TD Bank Grapples With Ongoing AML Issues, Expects Compliance Costs to Linger
Toronto-Dominion Bank is racing to overhaul its troubled anti-money laundering controls in the United States, but the costly remediation effort could drag into 2025, executives warned during the bank's latest earnings call.
"Our intention is to fix all our issues as soon as we can," TD Chief Executive Bharat Masrani told analysts Thursday. "We're trying to get this done as quickly as we can. But can it go into '25? Yeah, perhaps it might."
TD disclosed a $450 million restructuring charge for the fiscal second quarter to cover expected penalties from U.S. regulators investigating deficiencies in the bank's anti-money laundering program. The issues drew scrutiny after allegations that criminals exploited weaknesses to launder at least $653 million tied to illegal fentanyl sales.

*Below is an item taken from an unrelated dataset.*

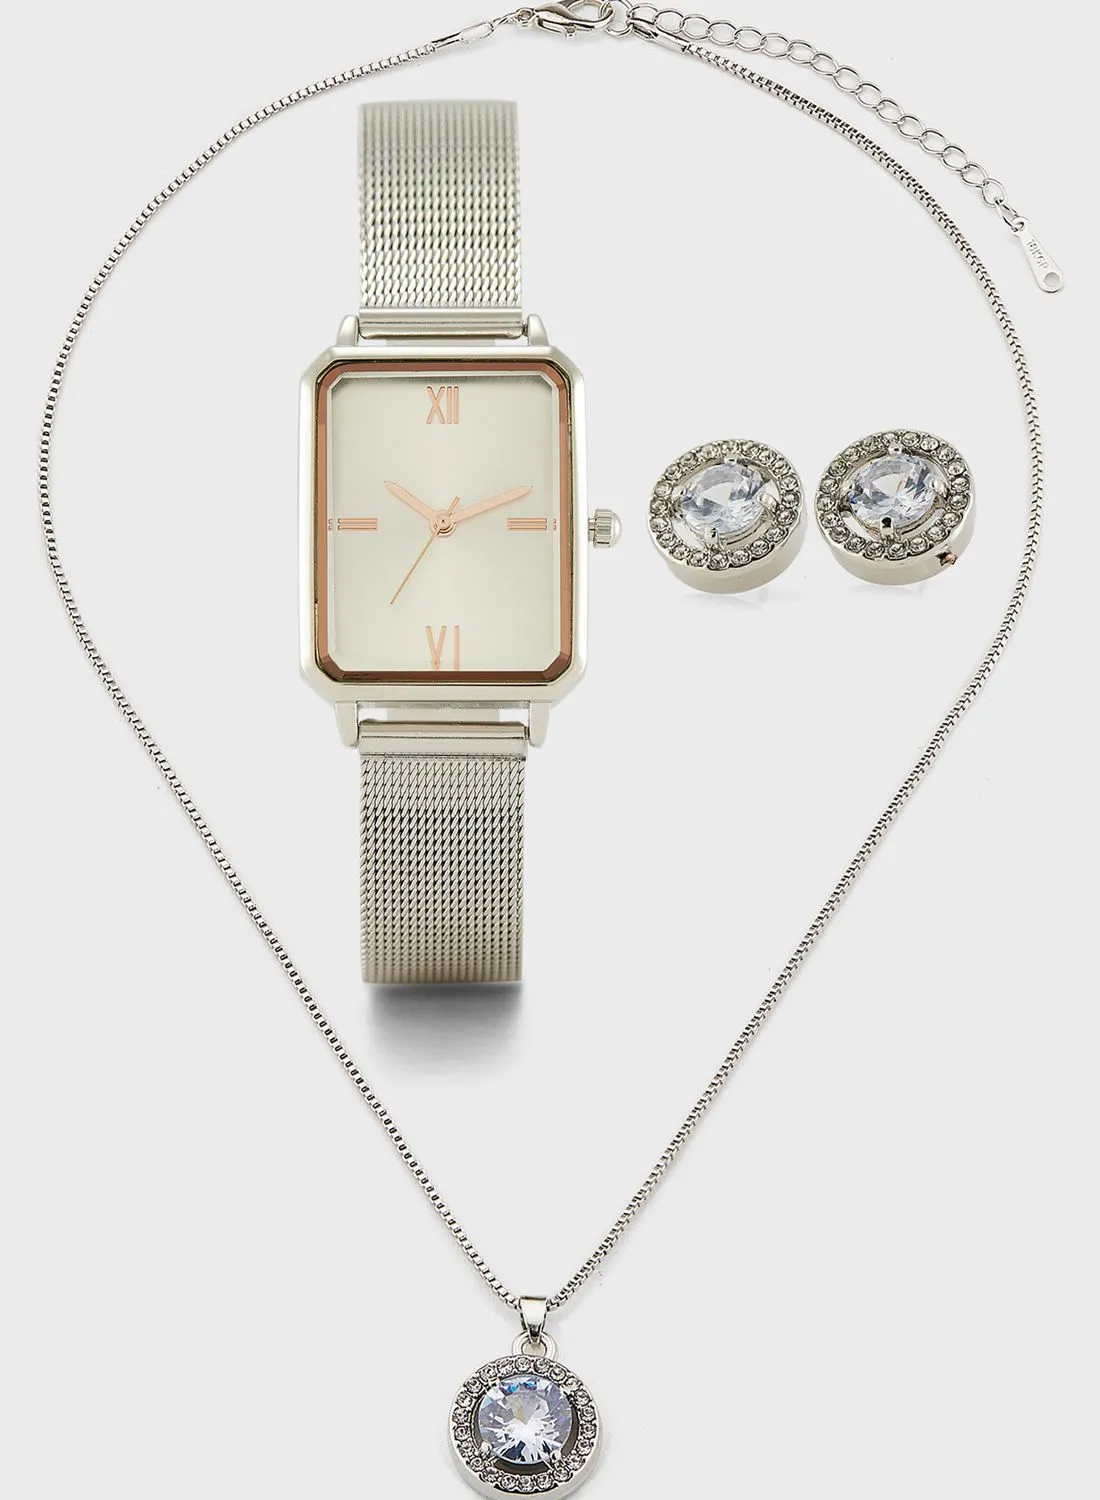 ELLA Rectangular Chain Strap Watch, Earrings And Necklace Gift Set

Masrani declined to predict when the probes by the Justice Department and other agencies might conclude, citing ongoing conversations with regulators.
So far, TD has spent around $366 million hiring staff, upgrading technology and providing enterprise-wide training as part of a "comprehensive overhaul" of its U.S. AML compliance, executives said. The bank anticipates shelling out even more.

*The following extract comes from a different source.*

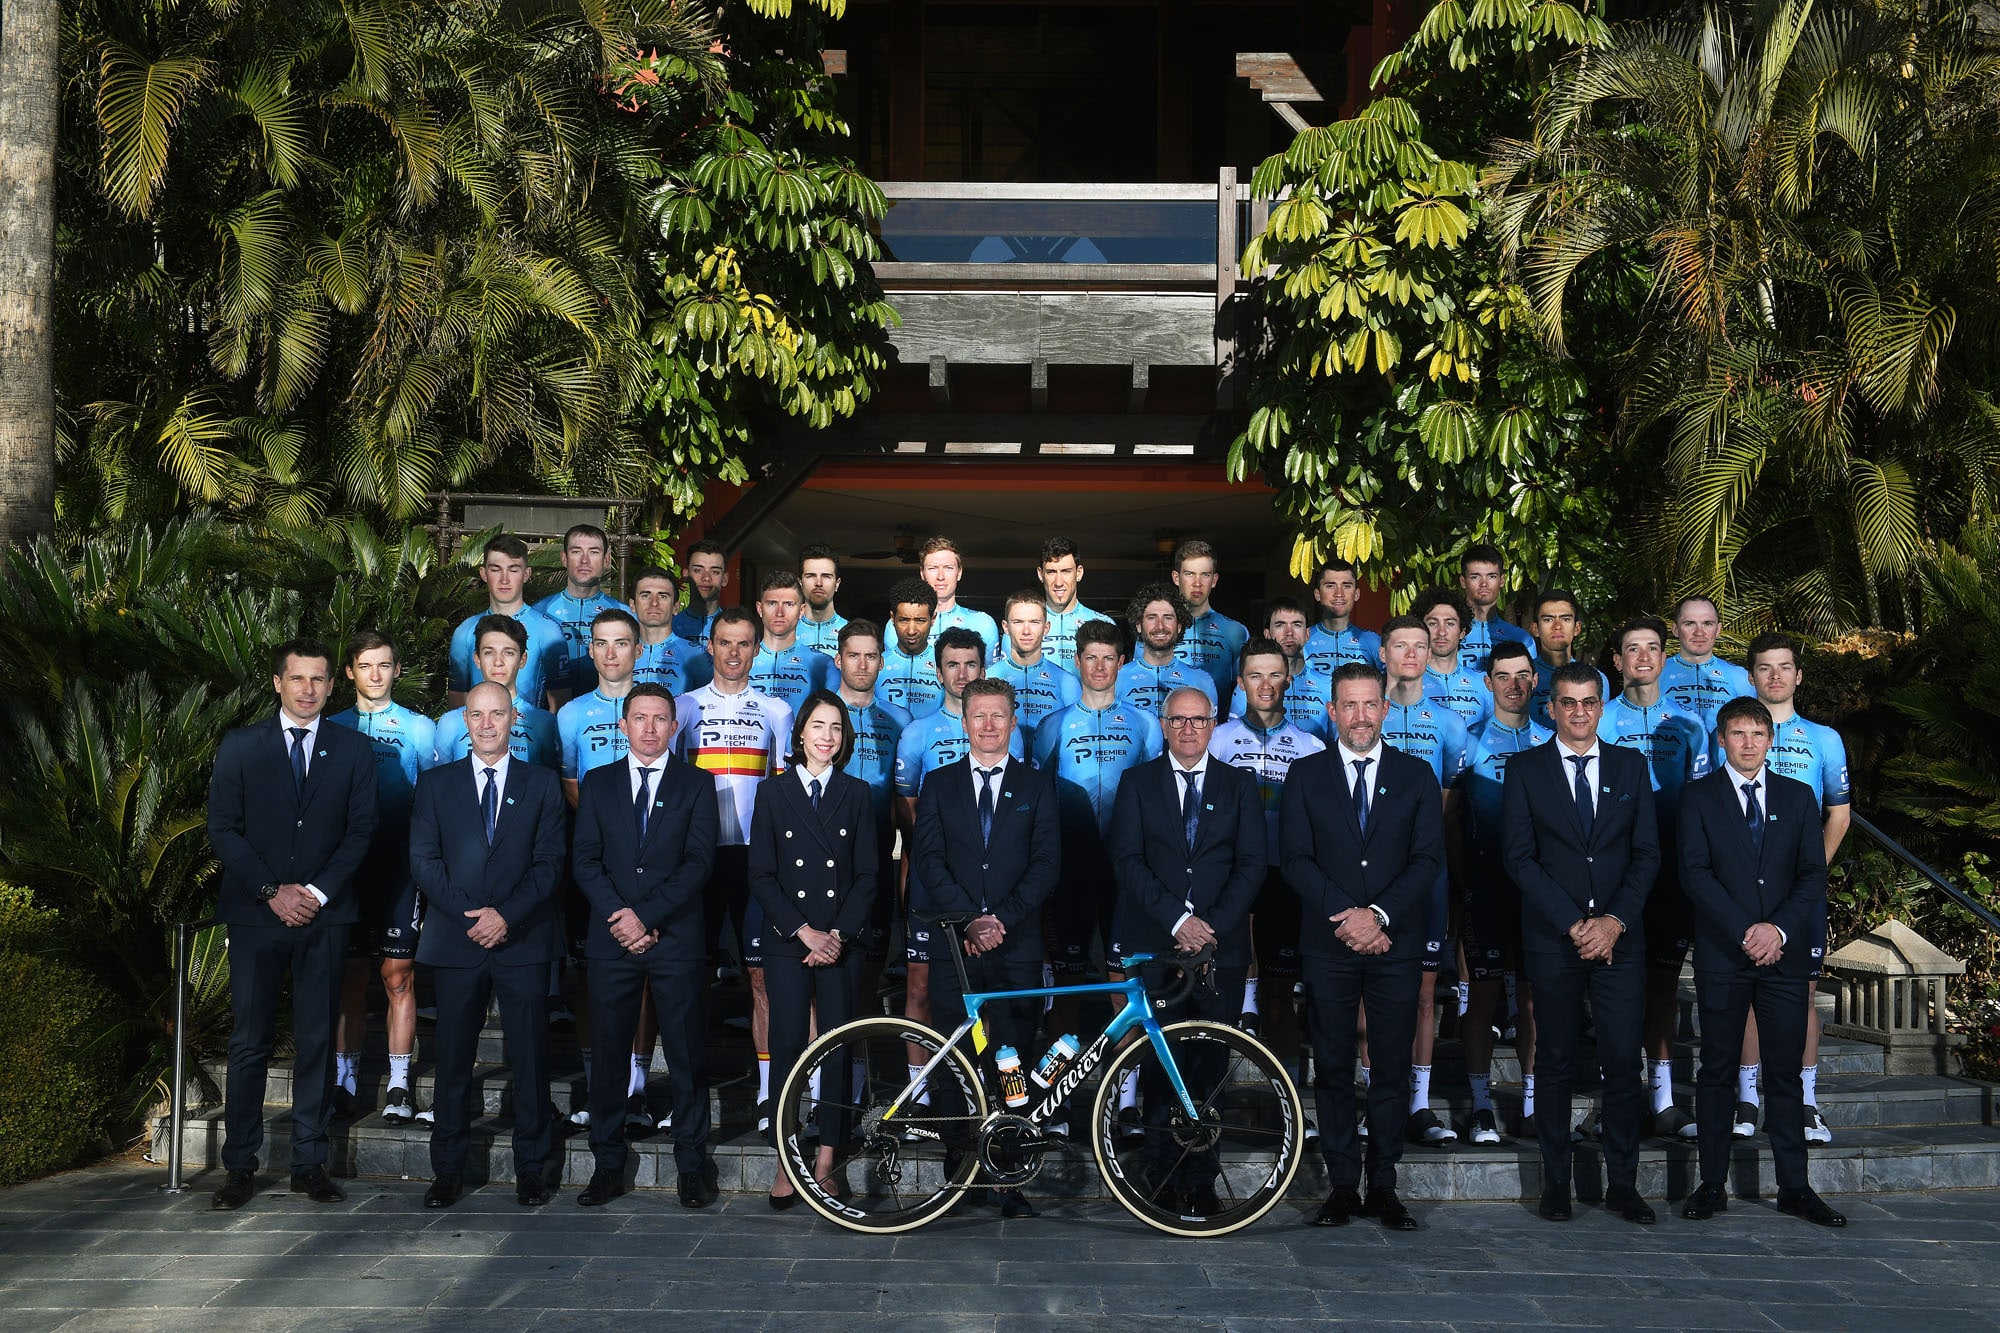 Astana - PremierTech and Wilier Triestina in 2021: Young riders and new bicycles

"We are making all the right investments and hiring the right professionals to get us there," Masrani vowed.
Despite the troubles, TD insists the AML lapses are confined to its U.S. operations and do not reflect systemic issues across the organization. Chief Risk Officer Ajai Bambawale acknowledged "procedural weaknesses" that allegedly allowed "bad actors to exploit us," along with ethical shortcomings by some employees. Prosecutors claim certain TD staffers accepted bribes as part of the money laundering scheme.
Bambawale expressed disappointment "that some of our colleagues didn't follow our code of ethics," but maintained the problems were limited to TD's American AML controls.

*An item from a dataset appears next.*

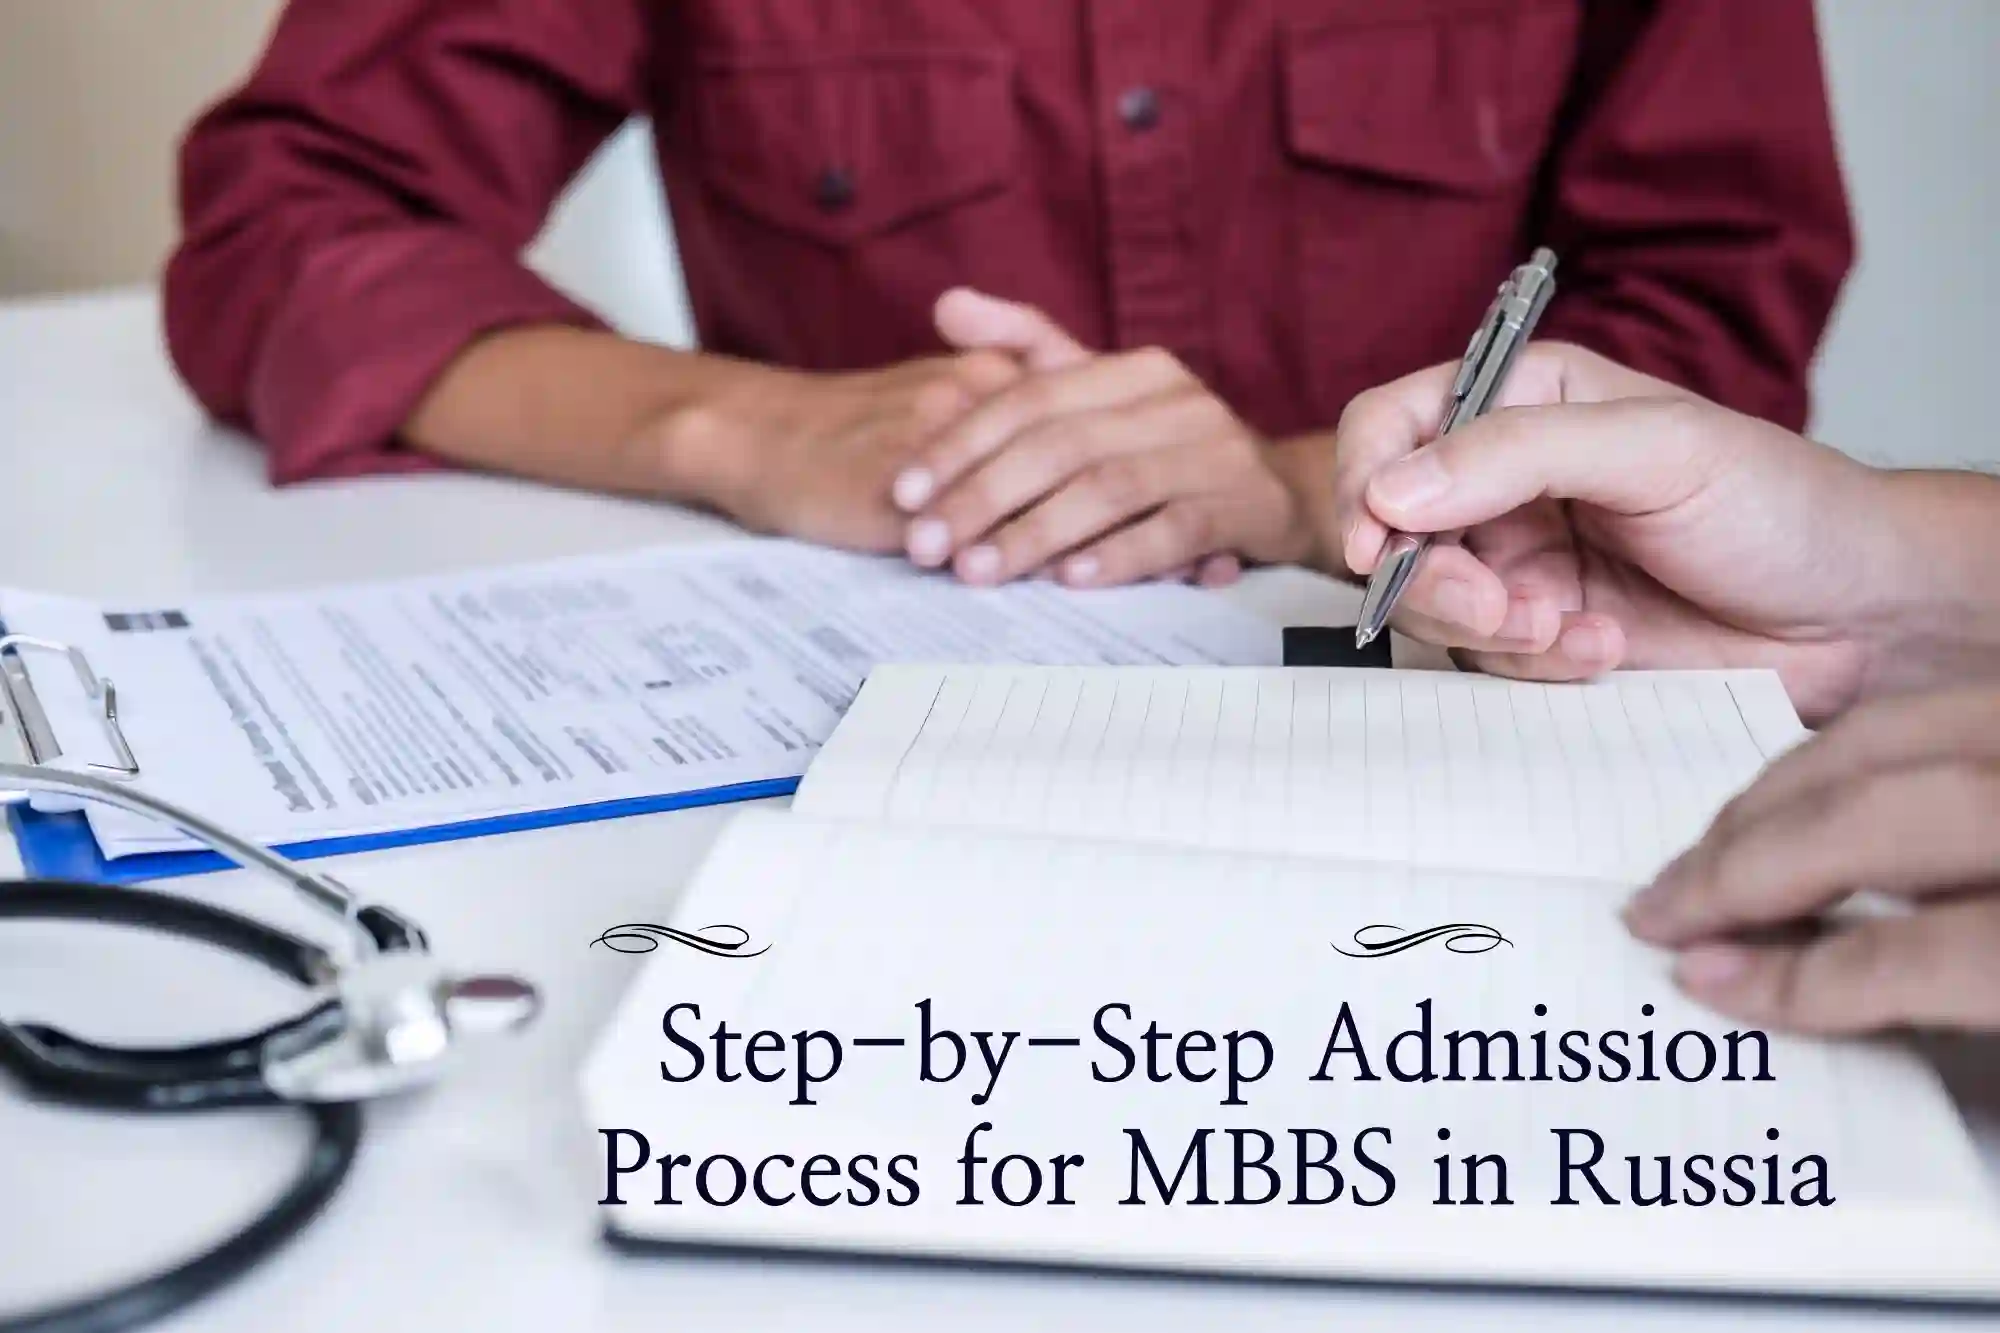 Step-by-Step Admission Process for MBBS in Russia post thumbnail image

"The main issue we're dealing with is the U.S. AML program," he said.
As TD works to reform its compliance and satisfy regulators, some analysts questioned whether the bank's U.S. growth ambitions could stall. Executives sought to allay those concerns.
"I'm not making the claim that we cannot grow the stores," said Leo Salom, who leads TD's U.S. operations. However, he added, "I don't want to prejudice any of those conversations at this point" with regulators.
Masrani stressed that the AML overhaul would not force spending cuts elsewhere to subsidize the project. For the quarter, TD reported net income fell 22% to $2.6 billion, while revenue rose 11% to $13.8 billion.